What is being asked:
From the records below, please print only the lines from the one containing "Mophie’s iconic iPhone" through the one containing "Suave Invisible Solid", both included. Skip the pictures.

Available data:

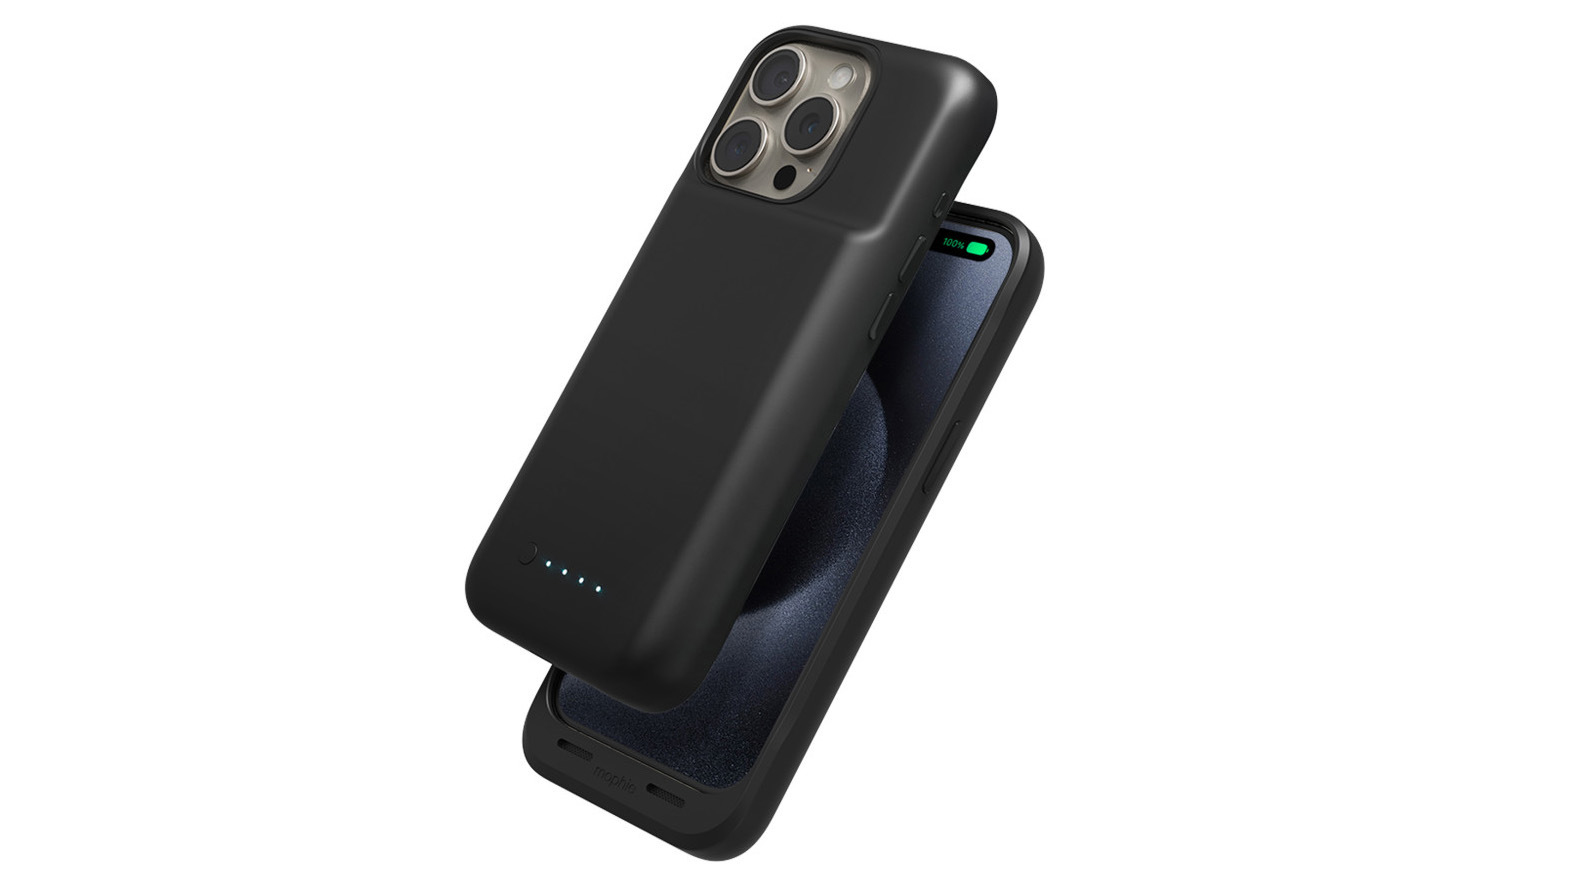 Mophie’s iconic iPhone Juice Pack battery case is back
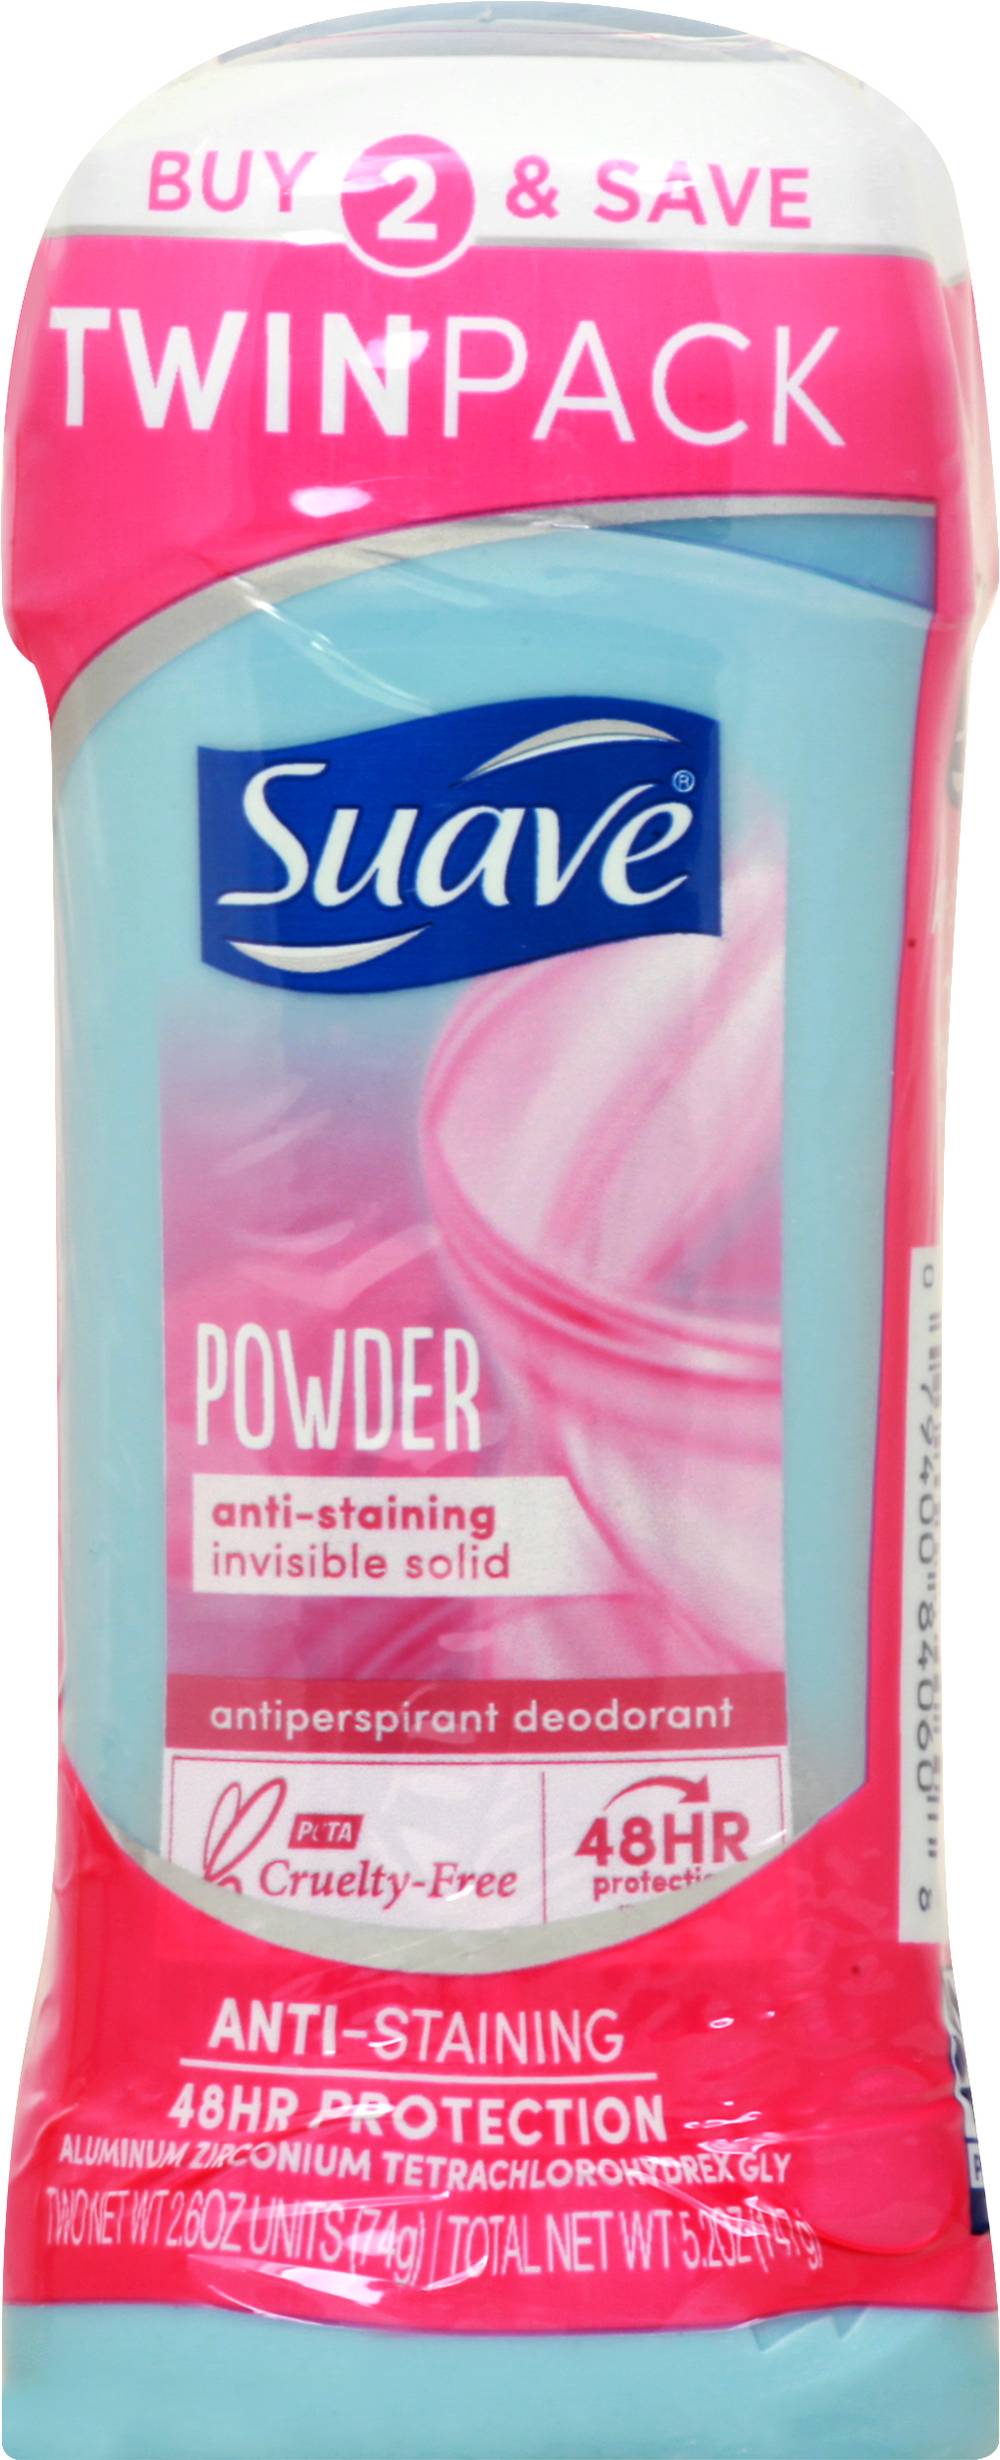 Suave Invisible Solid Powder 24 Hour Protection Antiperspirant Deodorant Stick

...

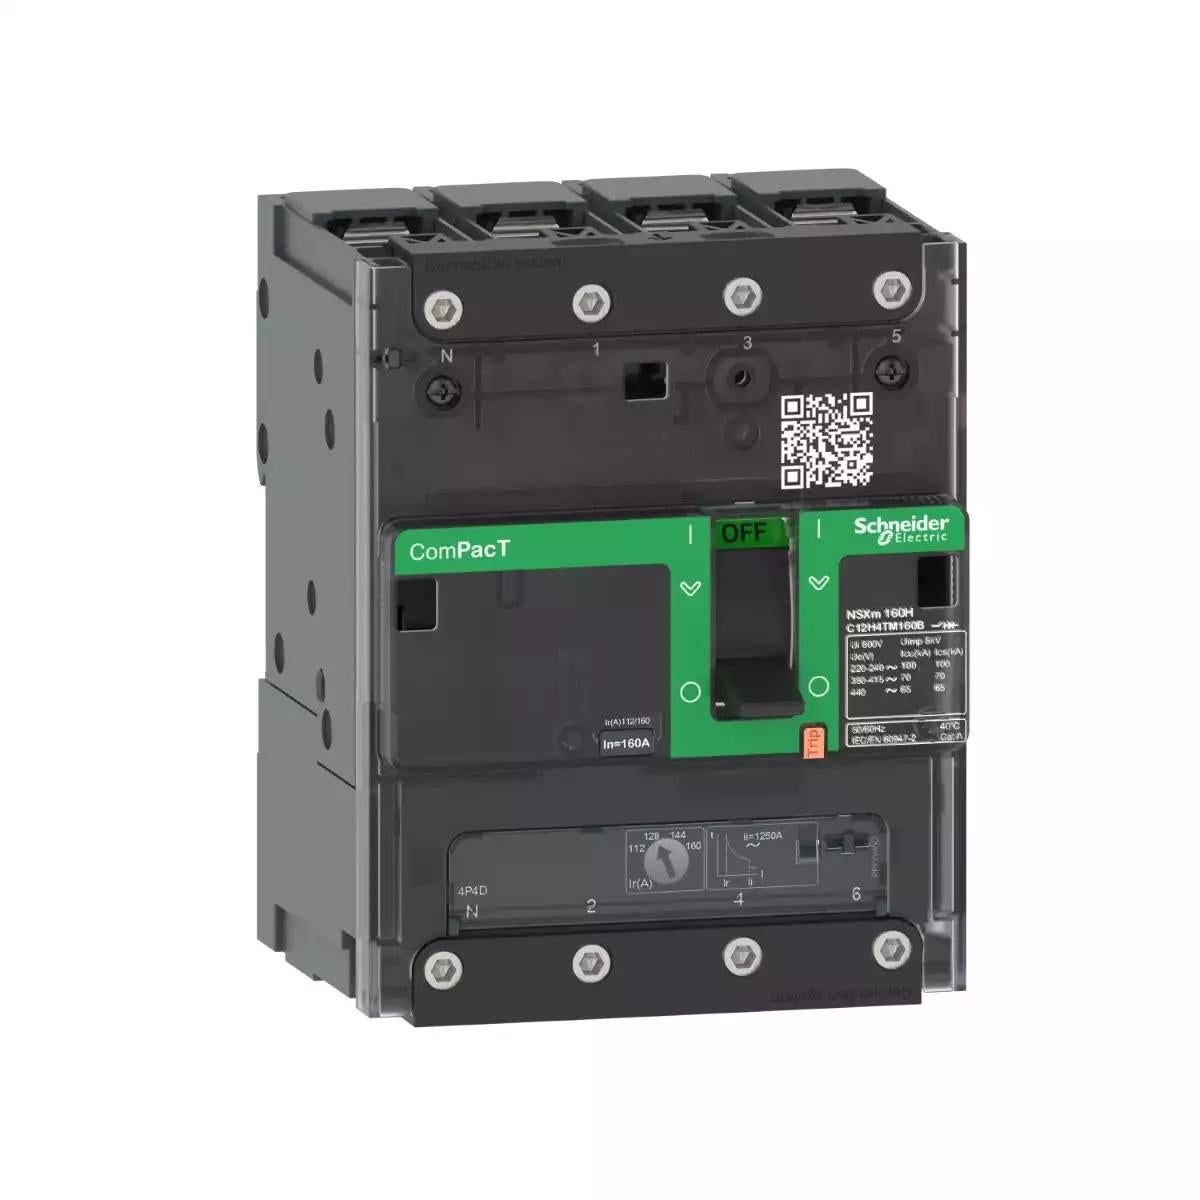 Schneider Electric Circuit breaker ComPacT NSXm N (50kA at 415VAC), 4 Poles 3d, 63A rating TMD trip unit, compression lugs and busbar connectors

Answer space:
 Mophie’s iconic iPhone Juice Pack battery case is back
 Suave Invisible Solid Powder 24 Hour Protection Antiperspirant Deodorant Stick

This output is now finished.